W. Y. Xing, W. Yang, W. J. Yang, Q. H. Hu, J. Y. Si, H. D. Lu, B. H. Yang, L. Song, Y. Hu and R. K. K. Yuen (2016) Functionalized Carbon Nanotubes with Phosphorus- and Nitrogen-Containing Agents: Effective Reinforcer for Thermal, Mechanical, and Flame-Retardant Properties of Polystyrene Nanocomposites. Journal/Acs Applied Materials & Interfaces 8 26266-26274. [In English]

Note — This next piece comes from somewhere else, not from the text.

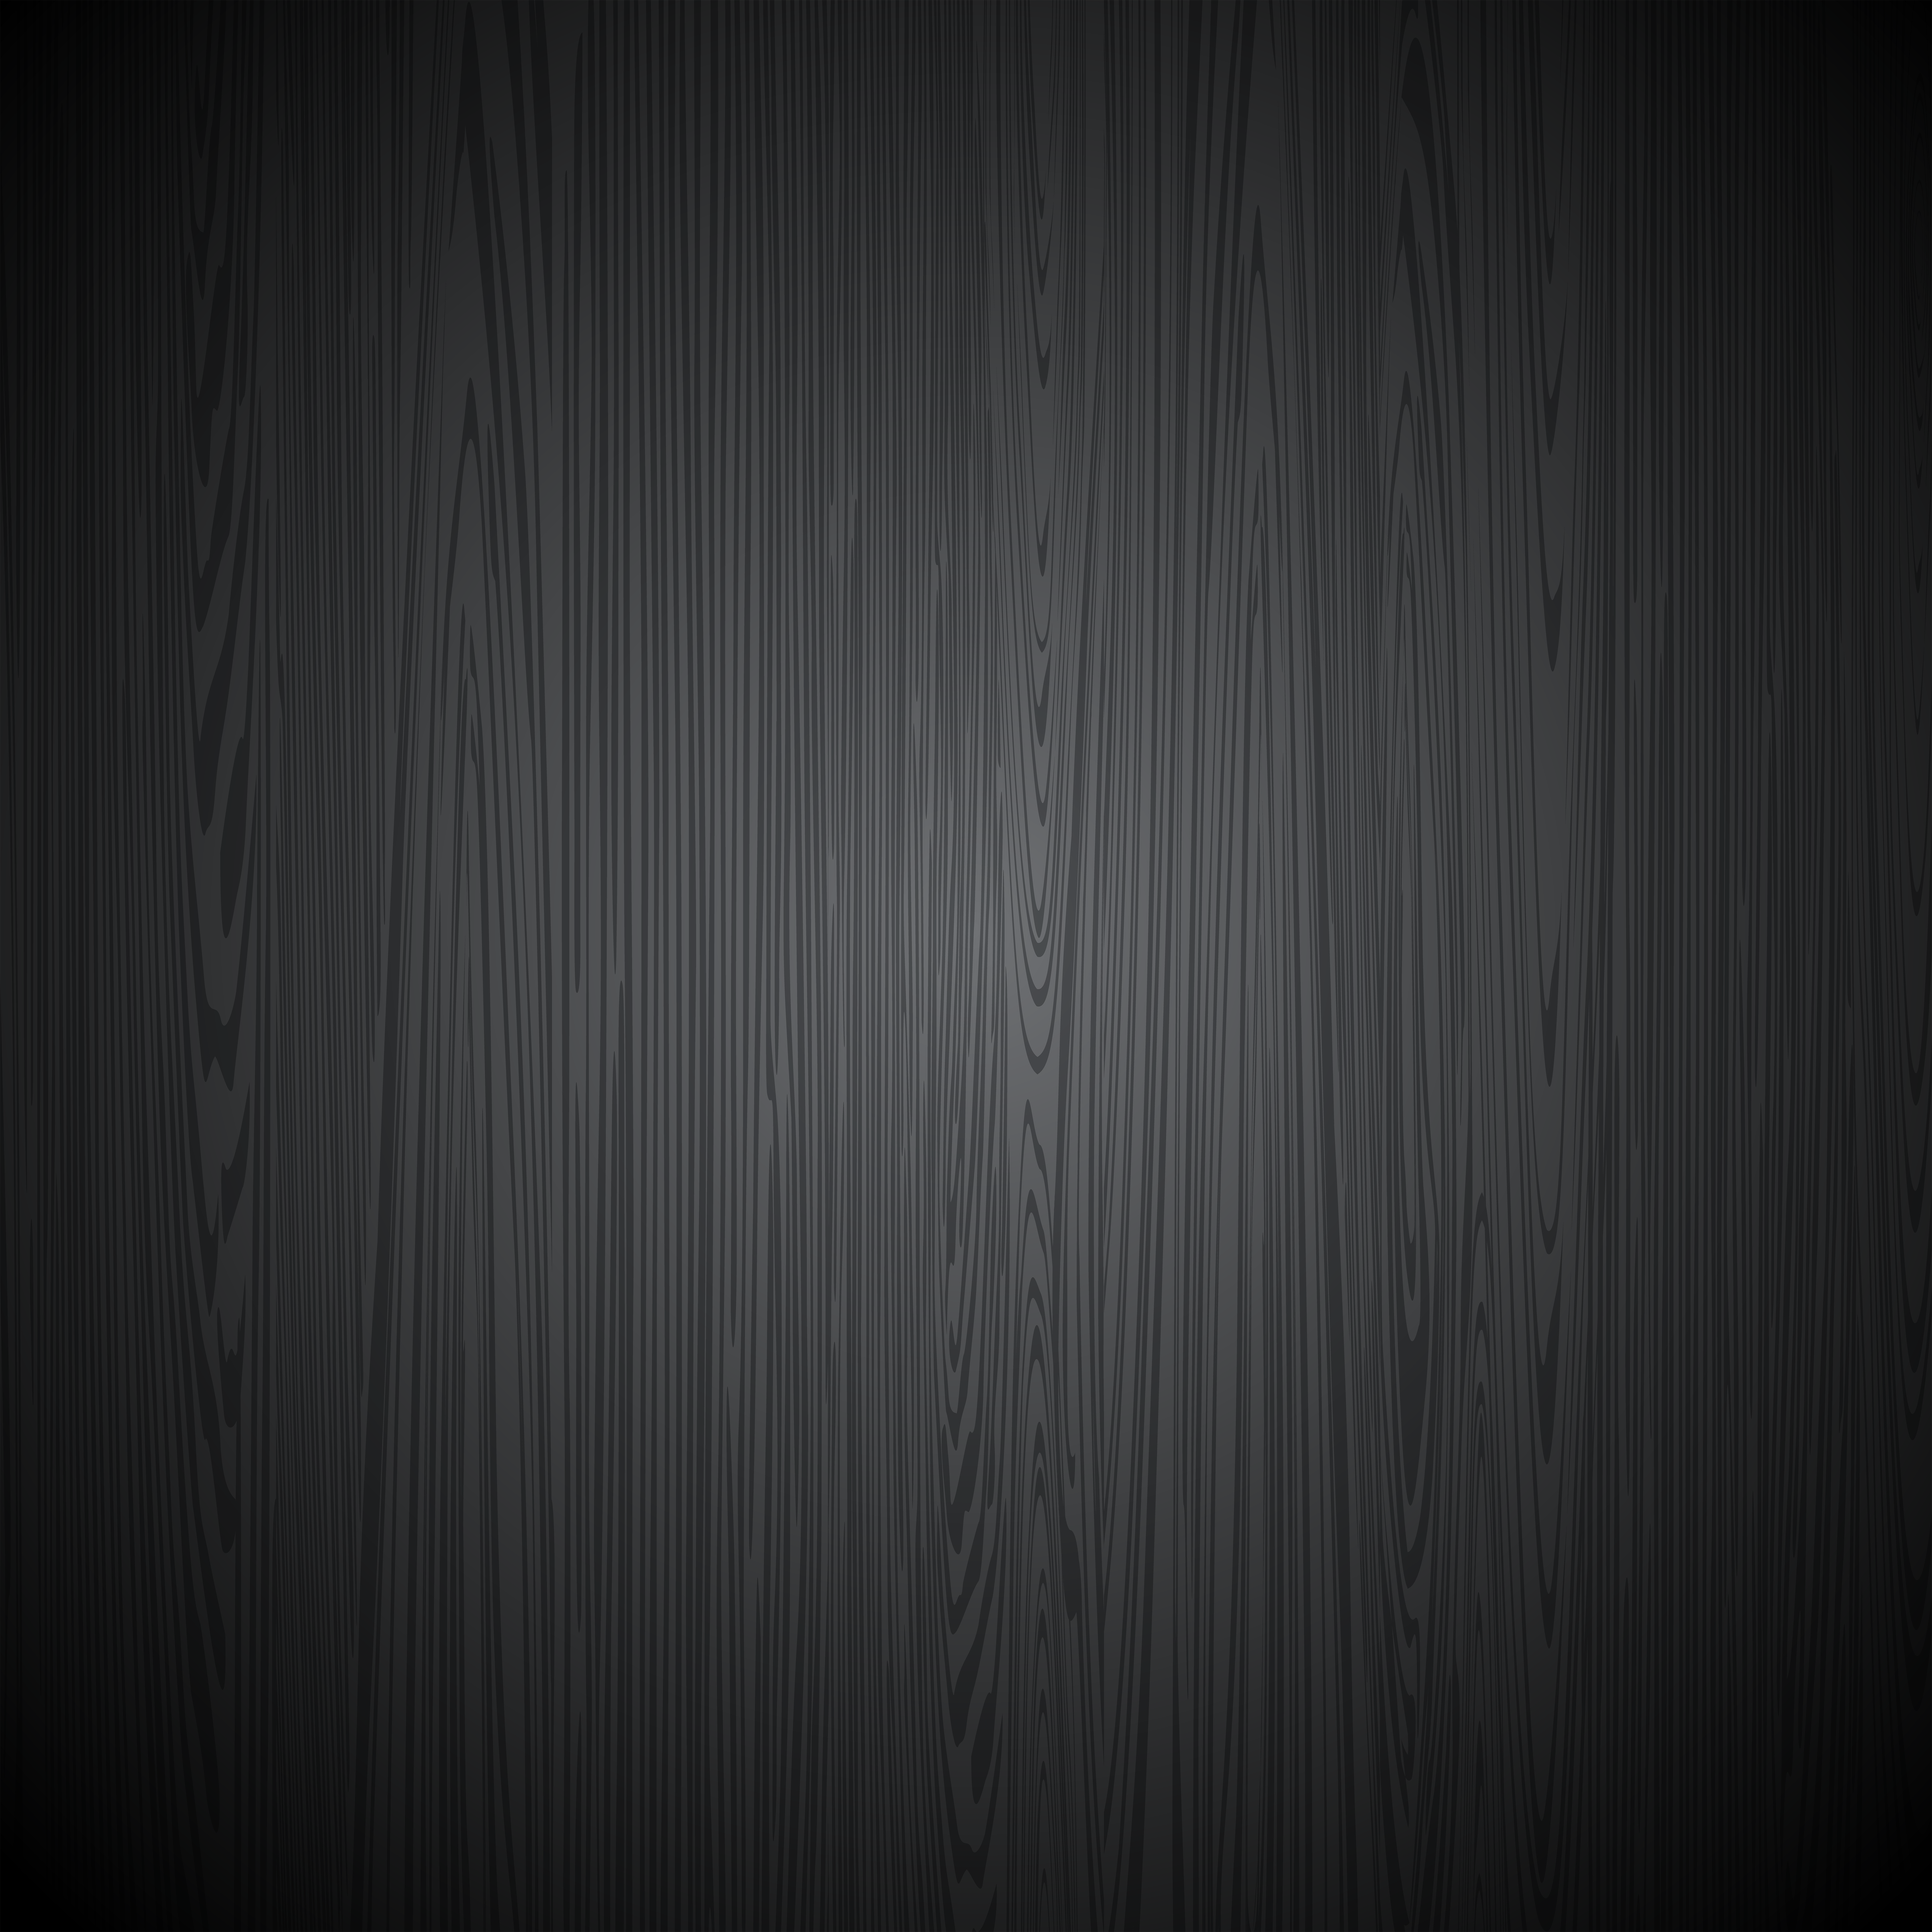 Hình nền gỗ đen đem lại sự sang trọng và tinh tế cho bất kỳ không gian nào. Kết hợp với các màu sắc đồng nhất hoặc tương phản, hình nền này làm nổi bật bất kỳ món đồ nào bạn muốn trưng bày. Hãy cùng xem hình ảnh để nhận ra sức hấp dẫn của hình nền gỗ đen.

Web link: http://dx.doi.org/10.1021/acsami.6b06864
Keywords: carbon nanotubes; nanocomposites; particle reinforcement; thermal; properties; flame retardant; LAYERED SILICATE NANOCOMPOSITES; SOLID POLYMER ELECTROLYTES; FIRE-RETARDANCY; FLAMMABILITY PROPERTIES; SMOKE SUPPRESSION; EPOXY; COMPOSITES; METHACRYLATE); POLYPROPYLENE; POLYETHYLENE; DEGRADATION

Abstract: Aminated multiwalled carbon nanotubes (A-MWCNT) were reacted with diphenylphosphinic chloride (DPP-Cl) to prepare the functionalized MWCNT (DPPA-MWCNT). A-MWCNT and DPPA-MWCNT were respectively mixed with polystyrene (PS) to obtain composites through the melt compounding method. SEM observation's demonstrated that the DPPA-MWCNT nanofillers were more uniformly distributed within the PS matrix than A-MWCNT. PS/DPPA-MWCNT showed improved thermal stability, glass transition temperature, and tensile strength in comparison with PS/A-MWCNT, resulting from good dispersion and interfacial interactions between DPPA-MWCNT and PS matrix. The incorporation of DPPA-MWCNT to PS significantly reduced peak heat release rate, smoke production rate, and carbon monoxide and carbon dioxide release in cone calorimeter tests. The enhanced fire-retardant properties should be ascribed to the barrier effect of carbon nanotubes, which could provide enough time for DPPA-MWCNT and its functionalized groups to trap the degrading polymer radicals to catalyze char formation. The char layer served as an efficient insulating barrier to reduce the exposure of polymer matrix to an external heat source as well as retarding the flammable gases from feeding the flame.